10. Introduction to version control#

Section author: Gavin Huttley

“Version control” refers to software tools that are designed to efficiently keep track of changes to your plain text files. As the phrase implies, the support relates to recording different versions of files. Here, the word version is not limited to a release version [1].

While used predominantly for programming [2], they can be applied to any application that uses plain text files [3]. Familiarity with version control is thus crucial for bioinformaticians. Here’s just a short list of some advantages from using it:

  • makes it easier to experiment with different solutions to a problem

  • makes it easier to collaborate with other people

  • makes moving your code between computers easier

  • makes it easier to ensure the reproducibility of your work

As a budding professional computational scientist, writing code is your core business so anything that makes that job easier is a good thing!

In this topic I provide a functional introduction [4] to the version control tool git. git is a sophisticated (and very complex) command line tool with extensive capabilities. It is not the only such tool available [5]. You will become familiar with using it in a terminal. Note that some IDE’s expose a sophisticated graphical user interface to using git that make using it much easier.

10.1. Getting set up#

These instructions are focussed on having a repository (see Glossary of key version control terms for definitions) that is hosted at GitHub and for which there will be a clone on a computer that you will use for writing your code. If you don’t already have one, sign up for a GitHub account.

You also need git installed on the machine where you will be writing / running the code [6].

On your developer machine you need to inform git what your user name and email address are. These details are used to “sign” every commit you make. This is your attribution and informs others who made what changes. On your developer machine, in the terminal

$ git config --global user.name "Your Name"
$ git config --global user.email "YourEmail@example.com"

I also strongly recommend to change the log message editor from the default (vim) to nano [7].

$ git config --global core.editor nano

10.2. A demo project#

10.2.1. Create a demo project on GitHub#

Once your account is setup, create a new repository. For the purpose of demonstration, I’m going to assume you name it demo.

Check the “Add a README file” option. Check the “Add .gitignore” option and select python from the popup. Check the “Choose a license” option and pick whichever one you like.

10.2.2. Cloning the repository to your development computer#

In this case, you will clone onto the machine where you will be developing your code. I assume you have gone through the process of creating an ssh key and followed GitHub’s instructions for adding that to your account [8].

$ git clone git@github.com:YourUserName/YourRepo.git

This creates a directory named YourRepo on the system.

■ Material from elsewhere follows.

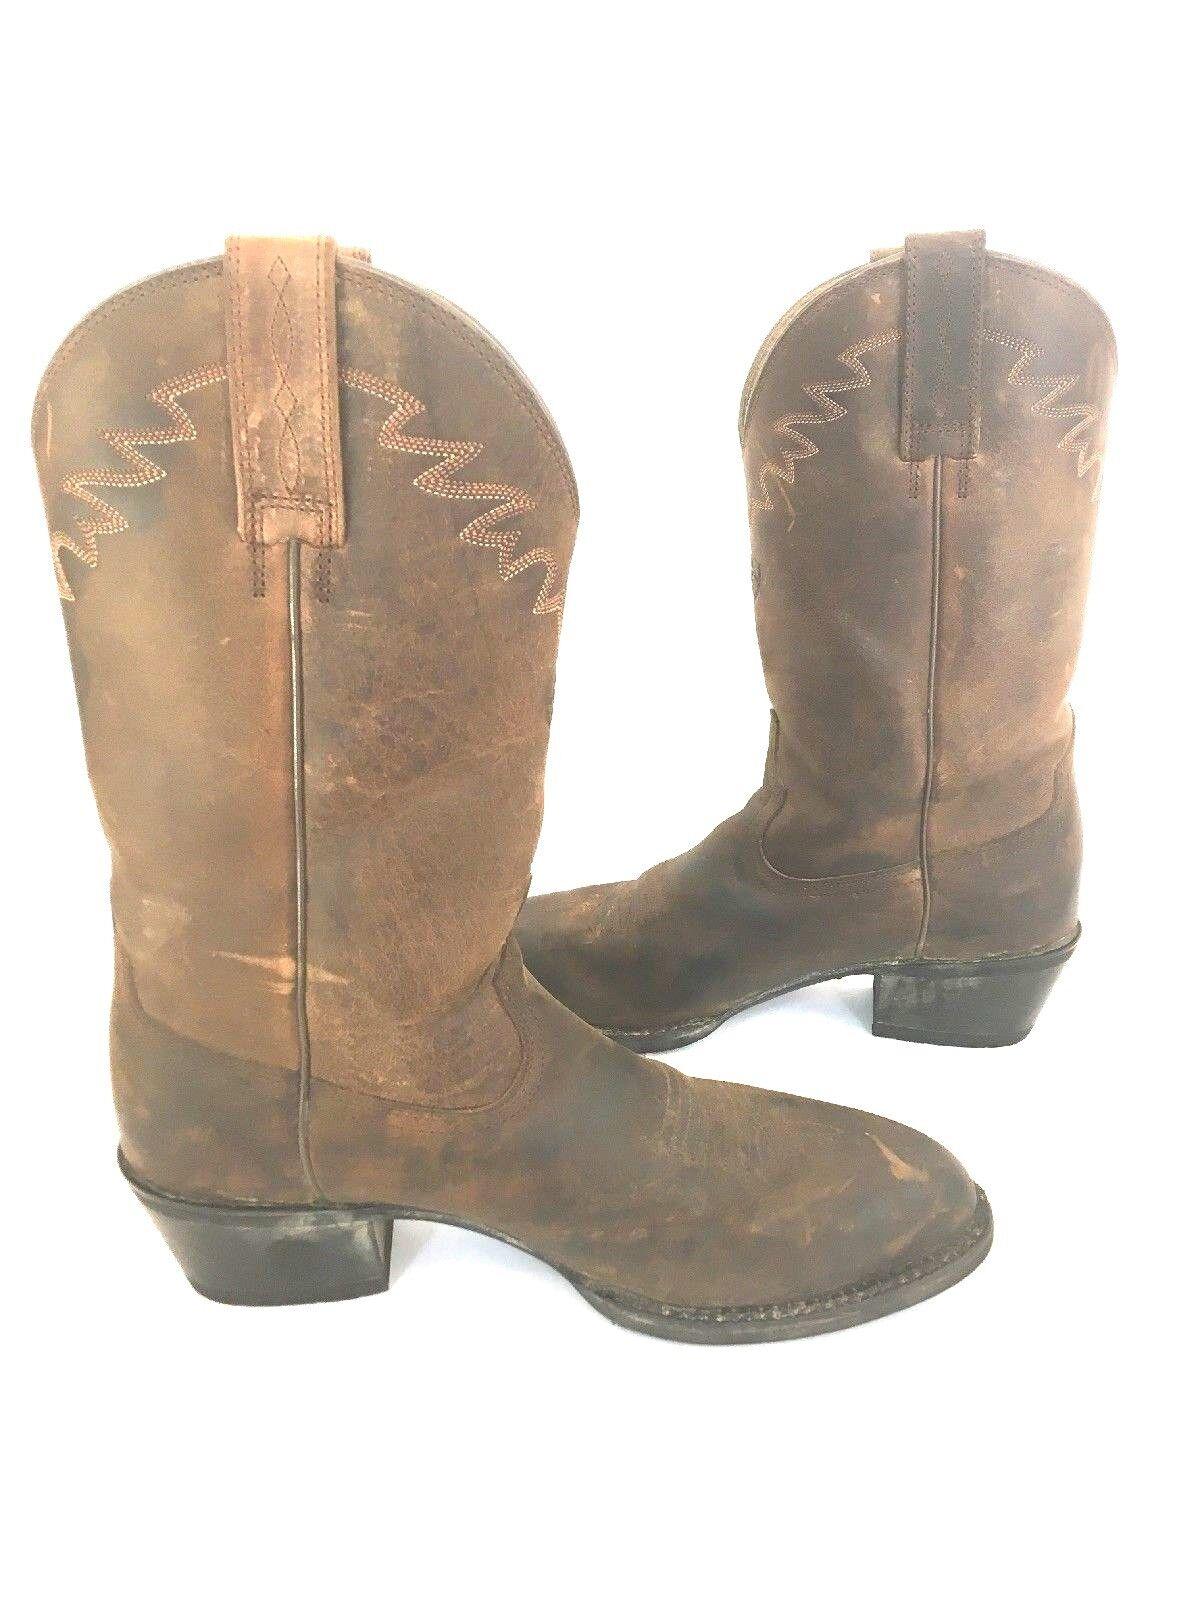 Ariat 4LR Uomo Sedona Brown Leather Cowboy Boots Distressed 10002194 Uomo 4LR Size 8 D e5c773

10.2.3. Add a python file to your repository#

You first need to change into the directory that contains your repository. In the terminal, this is

$ cd YourRepo

When you list all [9] the contents of this directory you will see the .git directory

10.2.3.1. Create a file to add#

Note

Skip this step if you already have a file you want to add!

Now create a python file that contains just a print statement

$ echo 'print("Hello World")' > demo.py

10.2.3.2. Add a file#

We tell git we want to add a file to your repository using,

$ git add demo.py

This command just “stages” the file, meaning you have told git to include this change when you make the next commit.

10.2.3.3. Commit the file!#

You have not finished this until you commit the staged change!

$ git commit -m "Added a demo python script"

10.2.4. Look at the history of your repository#

$ git log

10.2.5. Push your change to GitHub#

$ git push

10.2.6. Tips for effective use of version control#

10.2.6.1. Do#

  • track text files

  • commit changes that are logically related

  • think of log messages as your lab notebook entries to help you (and others) to understand what you were thinking when changed the files

  • write meaningful log messages

  • commit often

  • push to GitHub often [10]

10.2.6.2. Do NOT#

  • add really big files to a repository

  • add binary files to a repository

  • add secrets [11] to a repository!

  • include a massive number of changes in one commit

10.3. Glossary of key version control terms#

add

Adding a file to a your repository.

clone

An independent copy of a repository. It is not required to be identical to the original.

commit

The act of recording changes to a file by version control software.

config

Configure the version control software.

conflict

Where someone else has made a change to a repository affecting the same lines as your change.

diff

A comparison of contents of two files / directories that shows only the differences.

.gitignore

A file that contains patterns that match files you do not want to be included in the repository.

log

Command to show the history of commits.

log message

Text that describes the purpose of the changes being committed to a repository.

manifest

Listing of files that are being tracked in a repository.

merge

The step of resolving conflicting repository versions.

repository

Short for software repository. This is a directory of (typically plain text source code) files pertaining to a project.

repo

See repository.

tracked

Refers to files whose contents are being recorded by version control software.

pull

Updating a repository by pulling changes from another (possibly on another computer) repository.

push

Pushing changes recorded locally to another (possibly on another computer) repository.

reset

See revert.

revert

To remove all changes made to the working copy of a file.

stage

Staging a file means informing git that changes to that file are to be included on the next commit step.

working copy

The files in a repository that are visible (they are not under the .git directory).